The AI Race Is Shifting From Models to Compute Lock-In

FEATUREDCOMPANIES

Saad Amjad

4/7/20264 min read

Everyone loves talking about the latest AI model drop. But the real power moves in AI right now? They're happening in chips, data centers, and long-term compute deals.

And the one that just landed is a big one.

What Happened

Broadcom announced it signed a long-term deal with Google to develop and supply future generations of custom AI chips and networking components for Google's next-generation AI racks. The agreement runs through 2031. That's not a short experiment. That's a multi-year infrastructure commitment.

On top of that, Broadcom, Google, and Anthropic expanded their partnership to give Anthropic access to about 3.5 gigawatts of TPU-based compute capacity starting in 2027. To put that in perspective, Broadcom was already supplying Anthropic with 1 gigawatt of Google TPU compute in 2026. This deal more than triples that.

And Anthropic shared some numbers that really stand out. Its run-rate revenue has now passed $30 billion, up from roughly $9 billion at the end of 2025. The number of business customers spending over $1 million annually has doubled to more than 1,000 in less than two months.

That's not slow growth. That's a company sprinting.

Why This Actually Matters

This story is easy to glance at and file under "another big tech deal." But the real story here is about what's changing underneath the AI industry.

For the past couple of years, the AI conversation has mostly been about models. Who has the best one. Who released the newest one. Which benchmark got beaten this week.

But what we're seeing now is a clear shift. The competition is moving deeper into infrastructure. Custom chips. Long-term capacity deals. Supply assurance agreements.
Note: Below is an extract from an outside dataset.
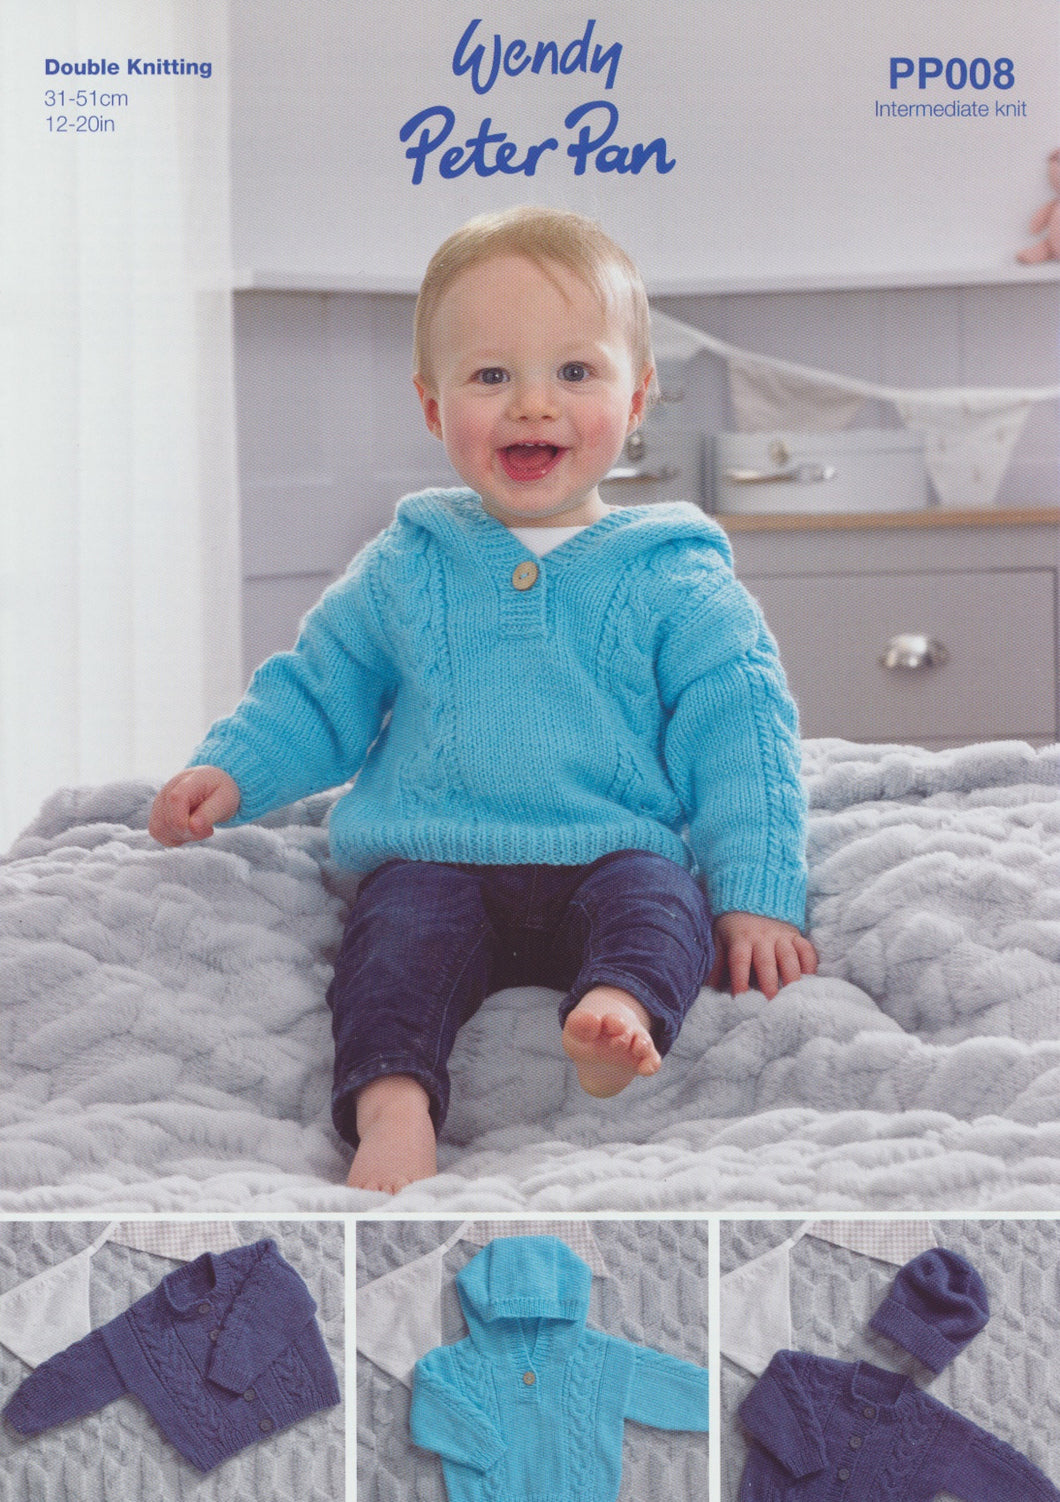 Wendy Peter Pan Baby Double Knitting Pattern - Sweater Cardigan & Hat (PP008)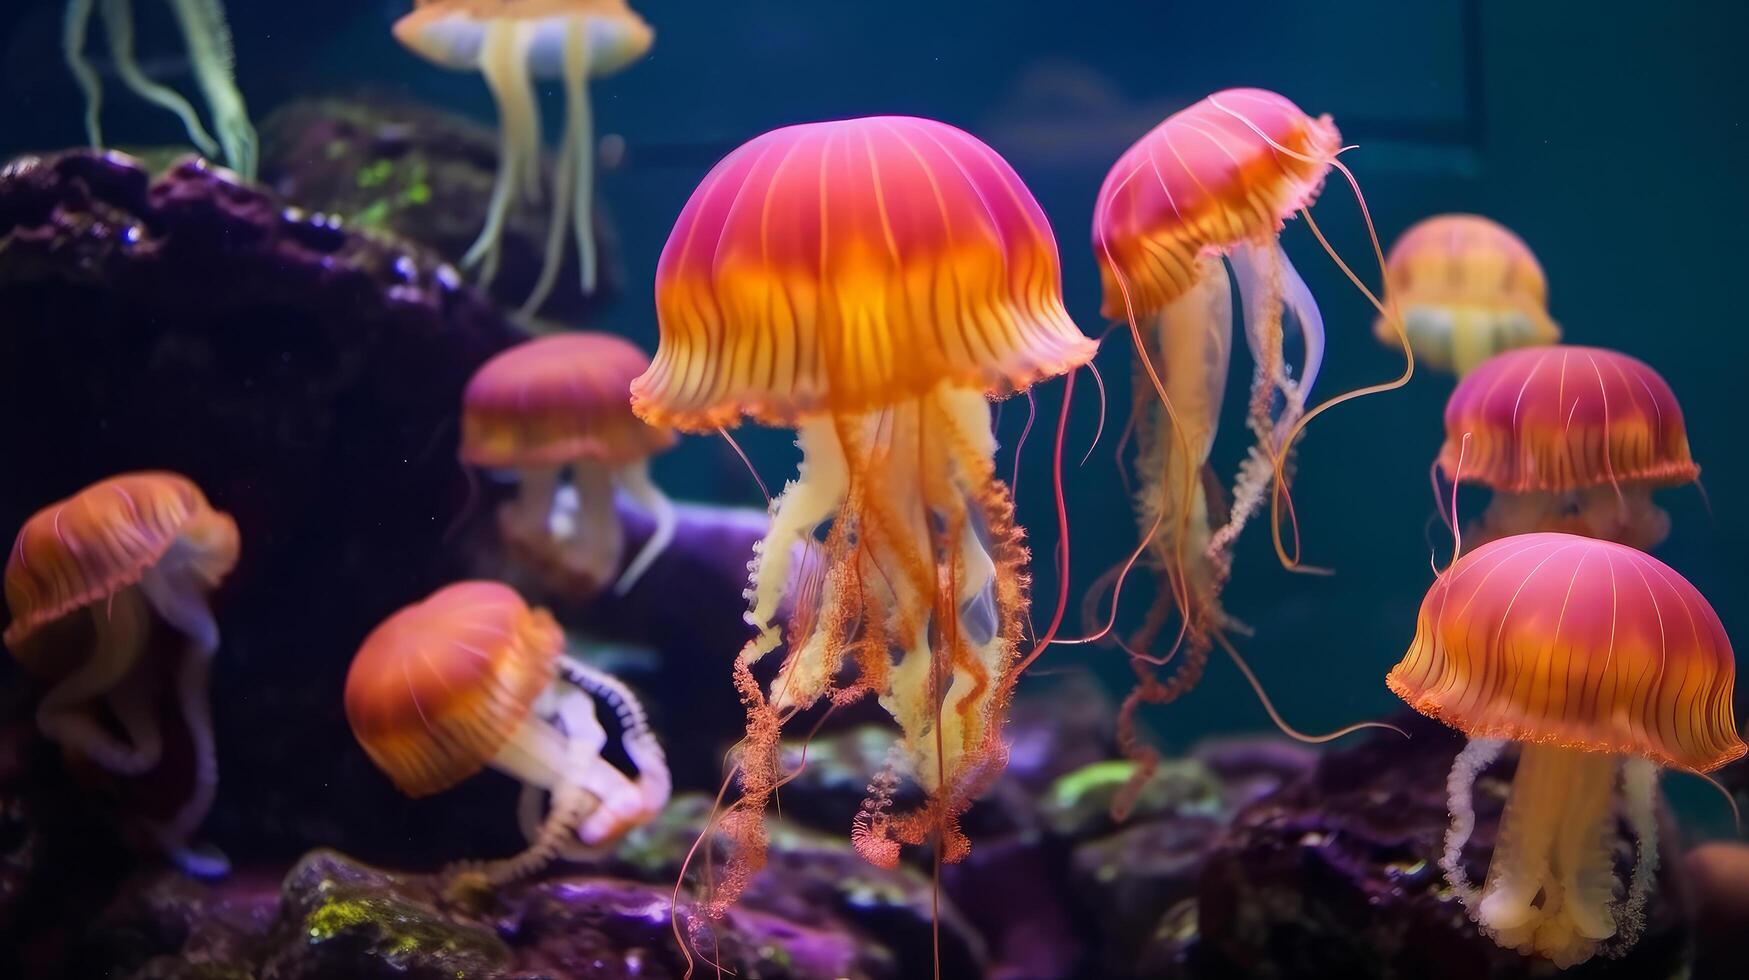 Natural Jellyfish background. Illustration photo

Networking hardware for AI racks.

The companies that lock in the best compute capacity now will have a real advantage later. Not because they have the smartest model on launch day, but because they'll have the resources to train and run the next five generations of models without worrying about supply.

That's the bigger picture with this Broadcom-Google-Anthropic deal.

The Custom Chip Play

One of the most interesting parts of this story is what it says about the chip market.

Nvidia has dominated AI compute for years. Its GPUs are still the default for most AI training and inference workloads. But demand for alternatives is growing fast. Google's TPUs are custom-designed AI accelerators built specifically for training and running large language models, and companies are paying attention.

Reuters noted that demand for Google's TPUs has surged as businesses look for cost-efficient alternatives to Nvidia's expensive GPUs. And Google has been pushing hard to position its TPUs as a real competitor, not just an internal tool.

Broadcom plays a key role here. It's the silicon partner that takes Google's TPU architecture and turns it into actual chips that can be manufactured at scale. This deal locks Broadcom into that role for years, covering everything from chip design to networking gear for AI racks.

And it's worth noting that Broadcom isn't just doing this with Google. It also has a separate custom silicon deal with OpenAI, reportedly a 10-gigawatt co-development effort. So Broadcom is quietly becoming the infrastructure backbone for two of the three biggest frontier AI companies.

Anthropic's Position

Anthropic's side of this deal is just as telling.

The company runs Claude on a mix of hardware: AWS Trainium, Google TPUs, and Nvidia GPUs. That multi-platform approach is strategic. It means Anthropic isn't locked into one chip vendor, which gives it flexibility and pricing leverage.

Amazon remains Anthropic's primary cloud provider and training partner through Project Rainier, and Claude is the only frontier AI model available on all three major cloud platforms: AWS Bedrock, Google Cloud Vertex AI, and Microsoft Azure Foundry.

But the real signal here is the scale of the compute commitment. Anthropic's CFO Krishna Rao called this their most significant compute investment to date. When a company that's growing revenue at 3x year-over-year says it needs to make its biggest infrastructure bet ever, that tells you something about the demand curve they're seeing.

And recent data from Silicon Republic adds another layer. Anthropic is now capturing more than 73% of all spending among companies buying AI tools for the first time, while OpenAI's share of new buyers has dropped to around 27%. That kind of market momentum explains why Anthropic is willing to commit to multi-gigawatt compute deals years in advance.

What to Watch Next

This deal tells us where the AI race is going. It's not just about who builds the best chatbot or drops the most impressive benchmark score anymore.

The questions that matter now are: Who controls the compute? Who has long-term chip supply locked in? Who can scale without hitting bottlenecks?

Google is betting on custom silicon as both a product and a competitive weapon. Broadcom is positioning itself as the company that actually builds the chips for multiple AI leaders. And Anthropic is spending aggressively on infrastructure to match the enterprise demand it's seeing.

If you're watching the AI industry, keep your eyes on the infrastructure layer. That's where the next chapter of this race is being decided. Not in model announcements, but in chip deals, supply agreements, and data center buildouts that stretch out to the end of the decade.

The companies that win the compute race will be the ones that win the AI race. And right now, the deals being signed suggest that race is getting very serious, very fast.